Woodside chief executive Meg O’Neill said the unexpected remedial work would be done in the shipyard.
“This minimises the impact to the project schedule as it is safer, more efficient and more cost-effective than undertaking the work offshore [in] Senegal,” she said.
The cautious approach contrasts with some operators of Australia’s burst of gas export projects last decade – including Shell’s Prelude and Inpex’s Ichthys – that rushed incomplete facilities out of Korean shipyards. They later required lengthy and expensive work conducted offshore.
Away from the shipyard, 12 of the 23 wells required for Sangomar have been drilled, and the overall project is 88 per cent complete.
A note from investment analysts E&P said the setback might alter investor perception that Woodside was improving its ability to deliver projects on time and on budget. E&P said this was important as Woodside was in the early stages of the Scarborough gas project in WA and the Trion oil development off the coast of Mexico.
Woodside operates and owns 82 per cent of Sangomar, which is expected to produce about 230 million barrels of oil in its first stage. When the project was approved in January 2020, Woodside had just a 32 per cent stake but has twice had to increase its shareholding to keep the project on track.
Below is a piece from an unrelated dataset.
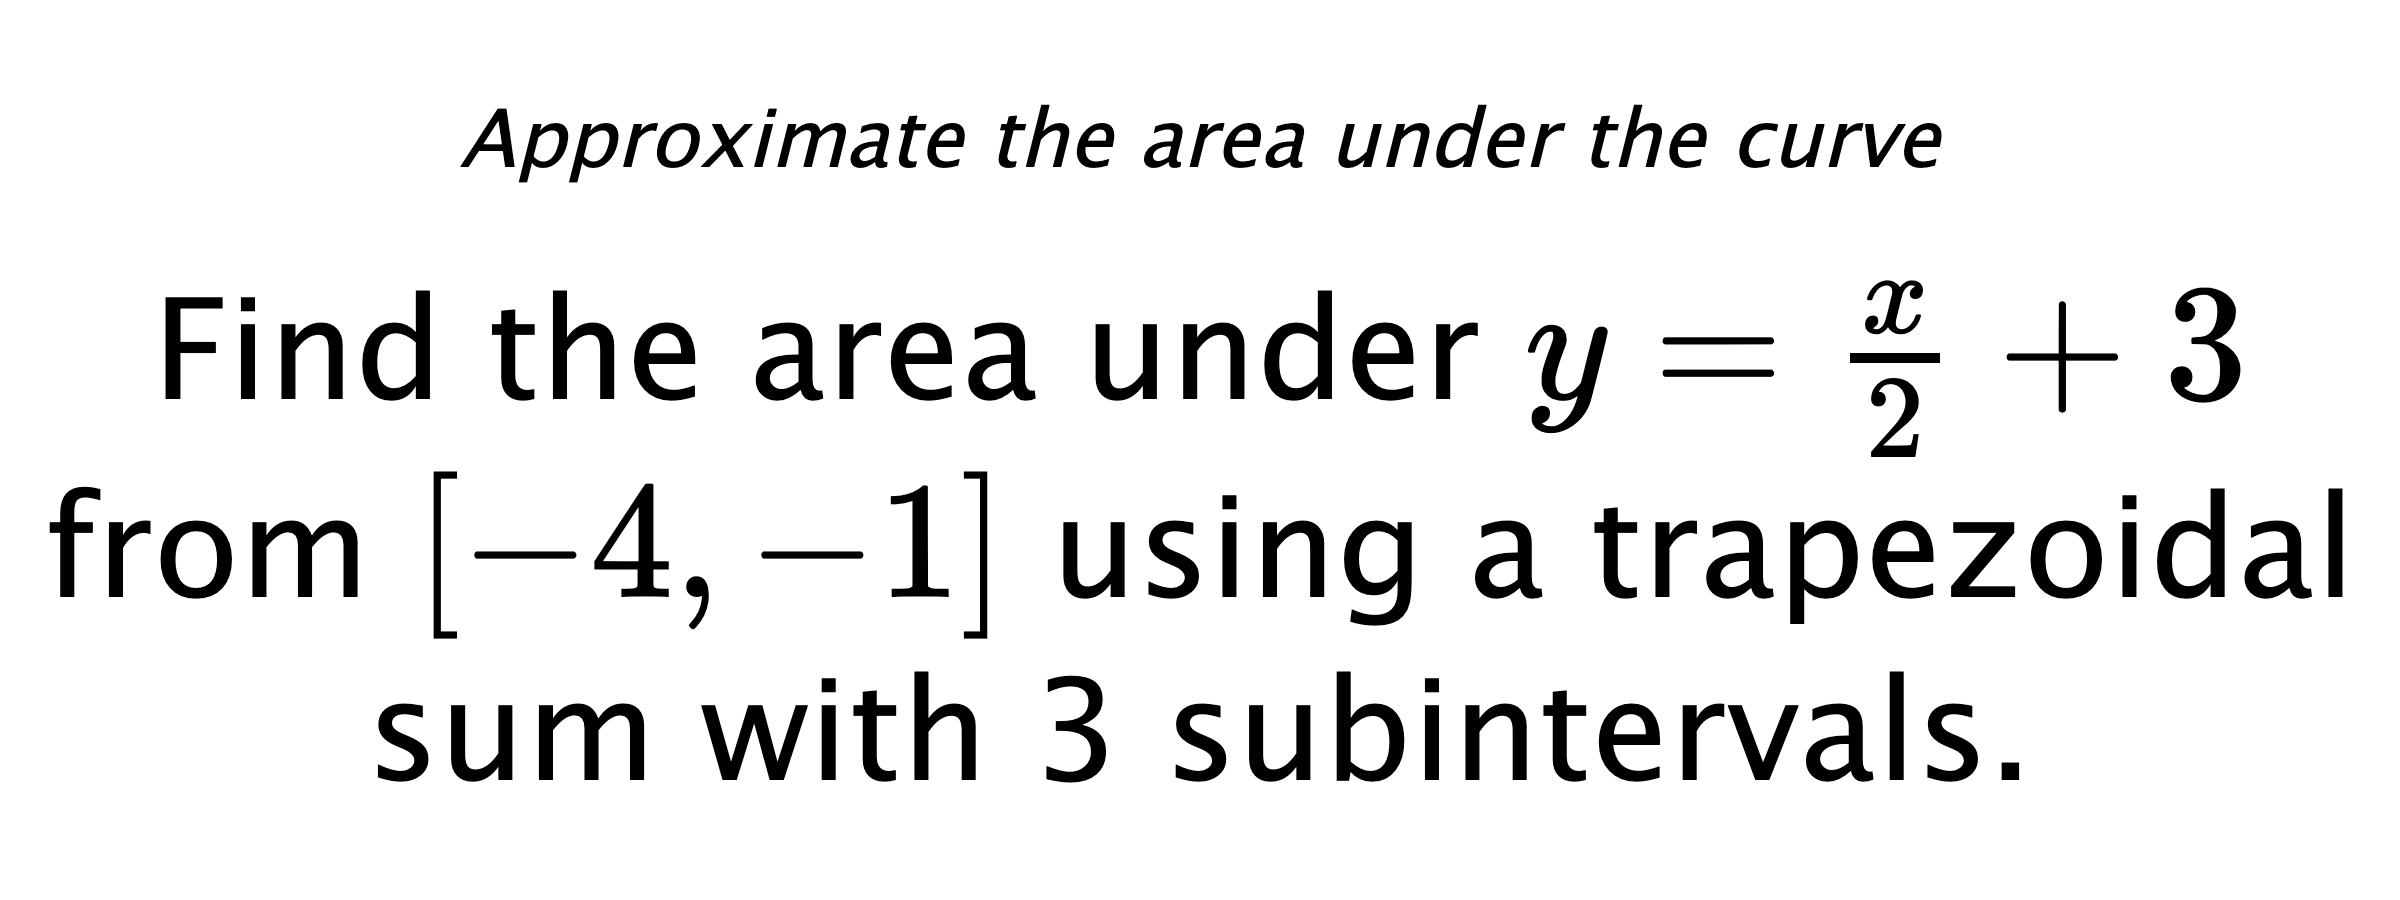 Approximate the area under the curve Find the area under $ y=\frac{x}{2}+3 $ from $ [-4,-1] $ using a trapezoidal sum with 3 subintervals.

In December 2020, it bought Cairn Energy’s 36 per cent after the UK company moved to sell out to Russia’s Lukoil, which could have resulted in the project coming under US sanctions. Woodside acquired another stake from ASX-listed energy minnow FAR, which was unable to finance its share of the capital cost of the project, in 2021.
In mid-2022, Woodside abandoned its attempt to sell down its interest. The delay at Sangomar does not affect Woodside’s production guidance for 2023.
Woodside shares were down less than one per cent to $35.65 a share in midday trading. The company will release its second-quarter results on Wednesday.